As an example, the aesthetics available for geom_point() are: x, y, alpha, colour, fill, shape, and size. (Note that ggplot tries to accommodate the user who’s never “suffered” through base graphics before by using intuitive arguments like colour, size, and linetype, but ggplot will also accept arguments such as col, cex, and lty.) Read the help files to see the aesthetic options for the geom you’re using. They’re generally self explanatory. Aesthetics can be specified within the data function or within a geom. If they’re specified within the data function then they apply to all geoms you specify.

Note the important difference between specifying characteristics like colour and shape inside or outside the aes() function: those inside the aes() function are assigned the colour or shape automatically based on the data. If characteristics like colour or shape are defined outside the aes() function, then the characteristic is not mapped to data. Here’s an example:

ggplot(mpg, aes(cty, hwy)) + geom_point(aes(colour = class))
ggplot(mpg, aes(cty, hwy)) + geom_point(colour = "red")

Let's play with mapping some of our data to aesthetics. I'll start with one example. I'm going to map the male/female value to a colour in our scatterplot of wing length and beak height. This time I'll use jittering instead of transparency to deal with overplotting:

ggplot(morph, aes(wingl, beakh)) +
geom_point(aes(colour = sex),
position = position_jitter(width = 0.3, height = 0))

Explore the morph dataset yourself by applying some aesthetics. You can see all the available aesthetics for a give geom by looking at the documentation.

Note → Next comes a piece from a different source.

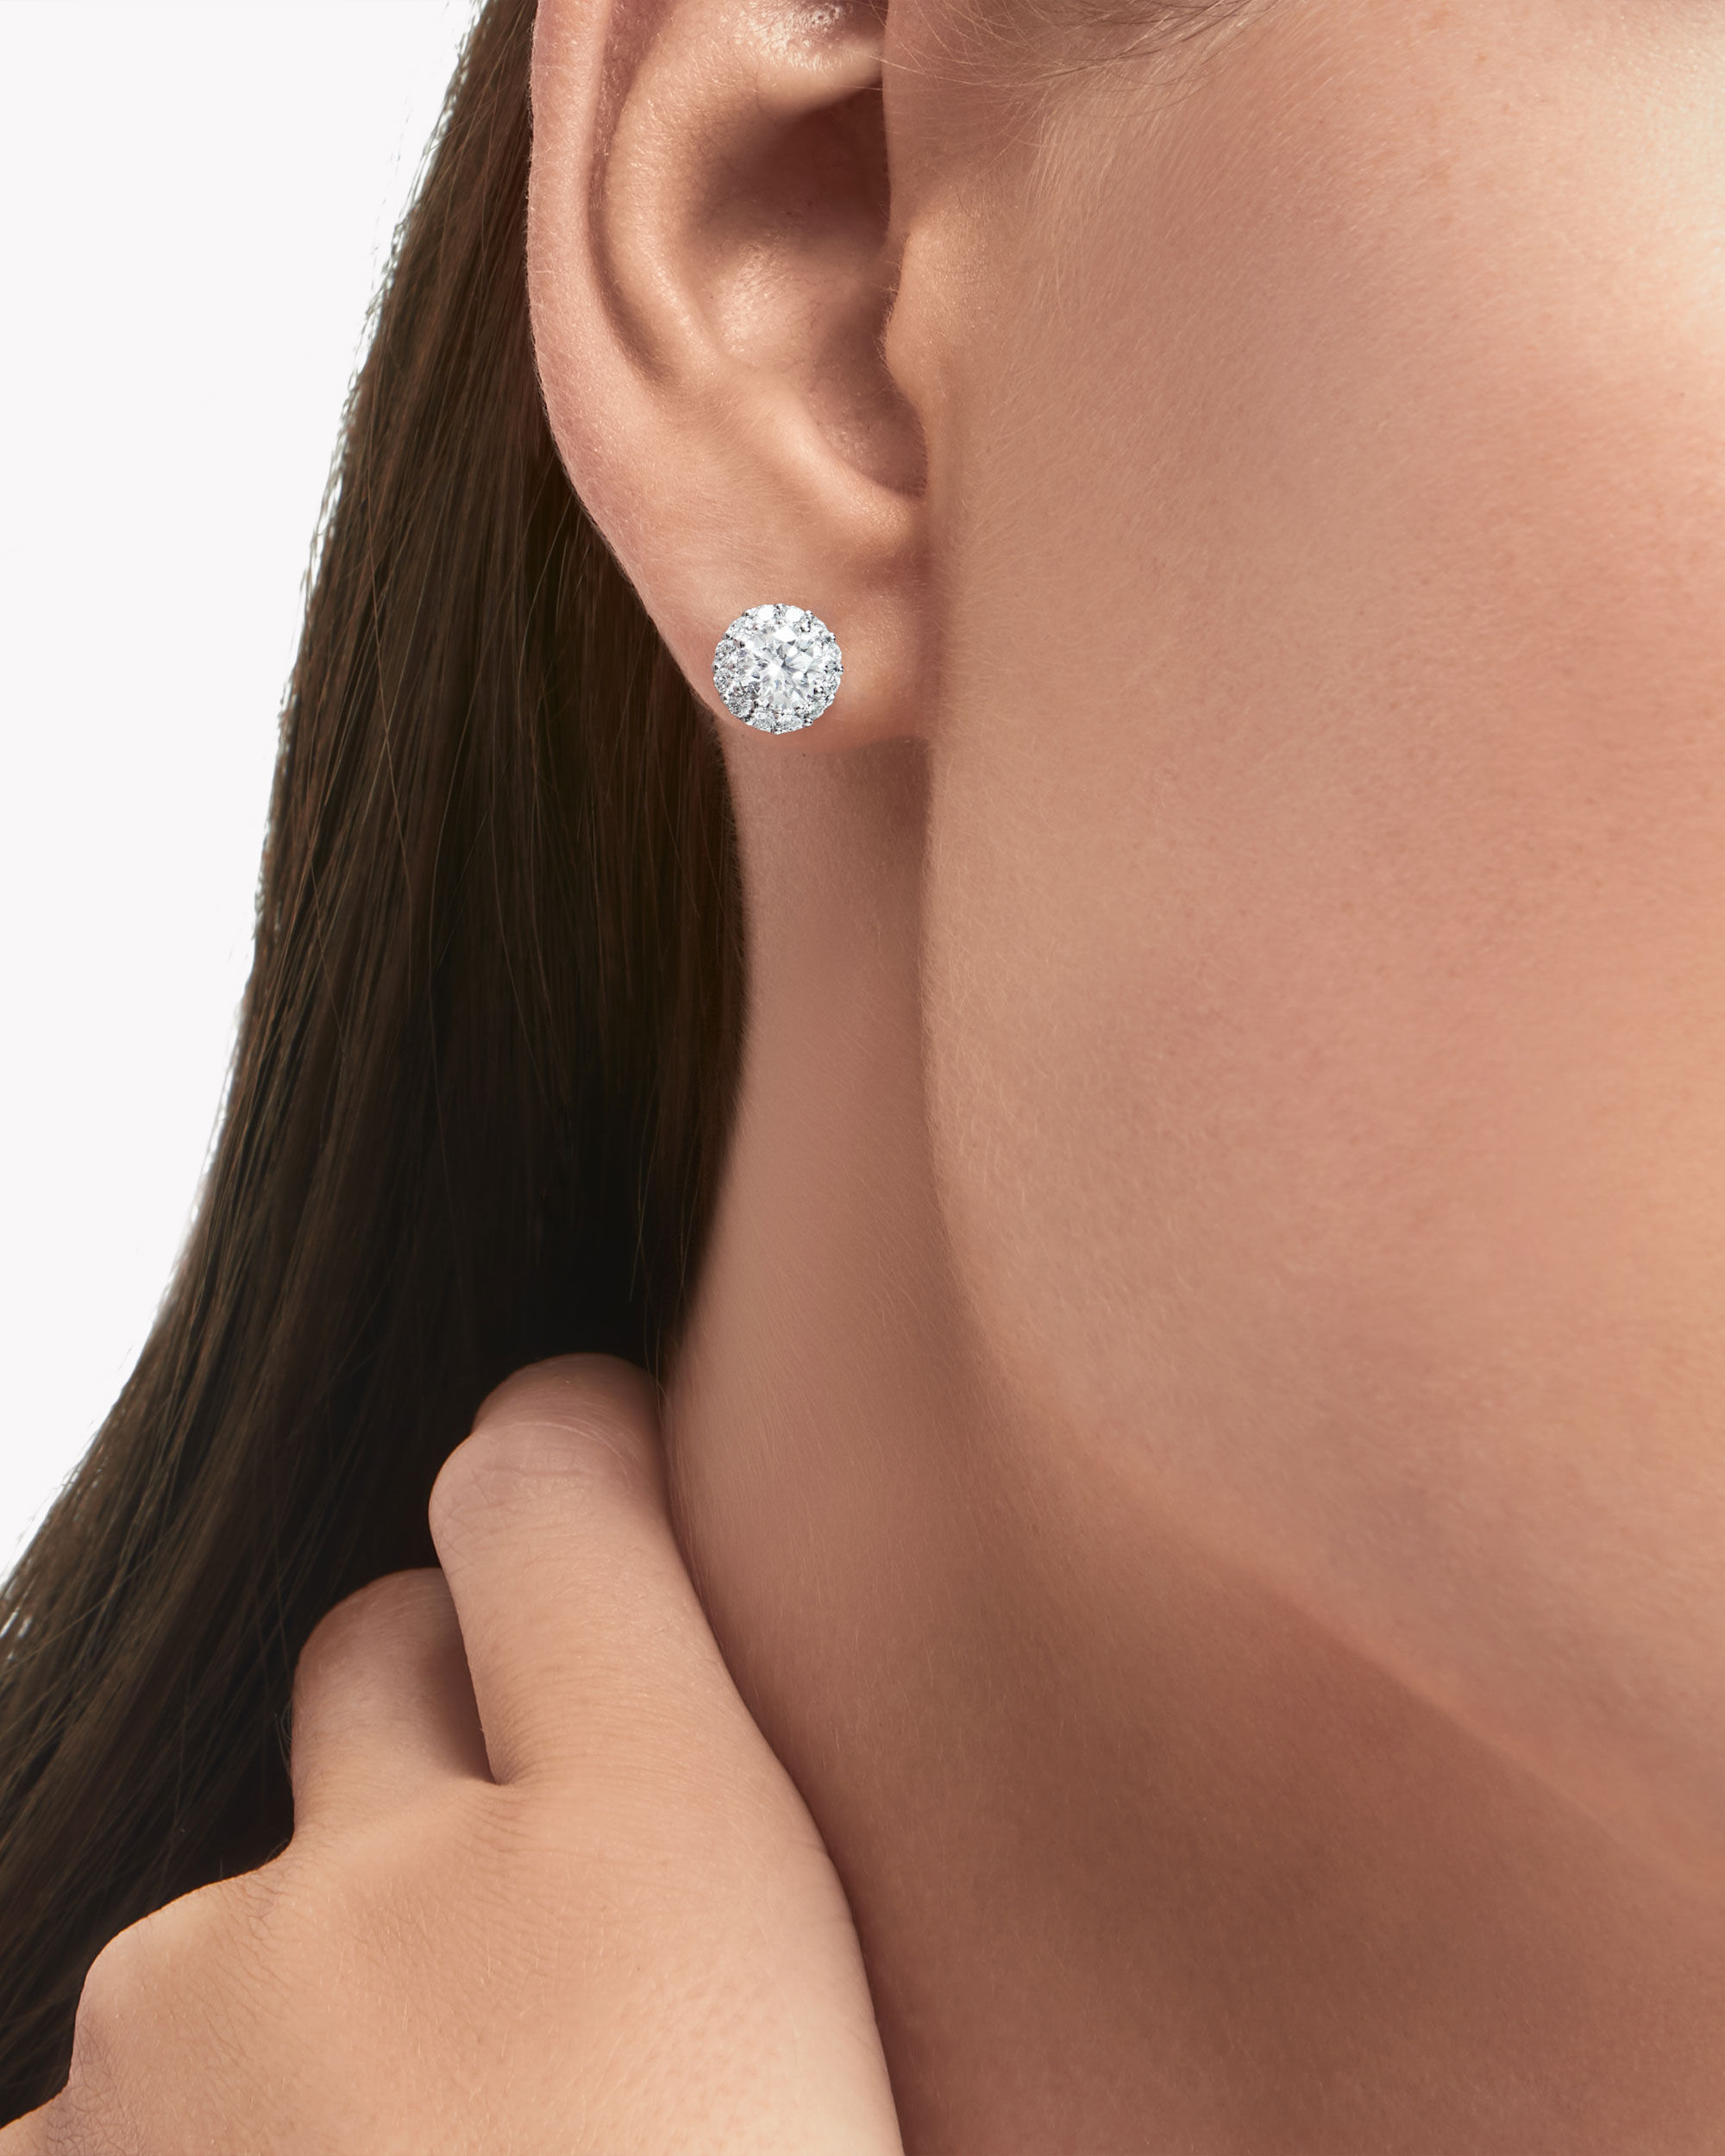 Model wear the Graff Jewellery collection diamond earrings

Either see the website or, for example, ?geom_point

Some suggestions:

• try the same scatterplot but show upper beak length (ubeakl) with size
• try the same scatterplot but show the taxon with colour
• try the same scatterplot but show the upper beak length with colour (note how ggplot treats ubeakl differently than taxon when it picks a colour scale)
• try the same scatterplot but show the sex with a different shape
• combine all these: colour for taxon, shape for sex, and size for upper beak length

This last version is a bit silly, but it illustrates how quickly you can explore multiple dimensions with ggplot2.

# Facets (small multiples)

In ggplot2 parlance, small multiples are referred to as "facets". There are two kinds: facet_wrap() and facet_grid(). facet_wrap() plots the panels in the order of the factor levels. When it gets to the end of a column it wraps to the next column. You can specify the number of columns and rows with nrow and ncol. facet_grid() lays out the panels in a grid with an explicit x and y position. By default all x and y axes will be shared among panels. However, you could, for example, allow the y axes to vary with facet_wrap(scales = "free_y") or allow all axes to vary with facet_wrap(scales = free).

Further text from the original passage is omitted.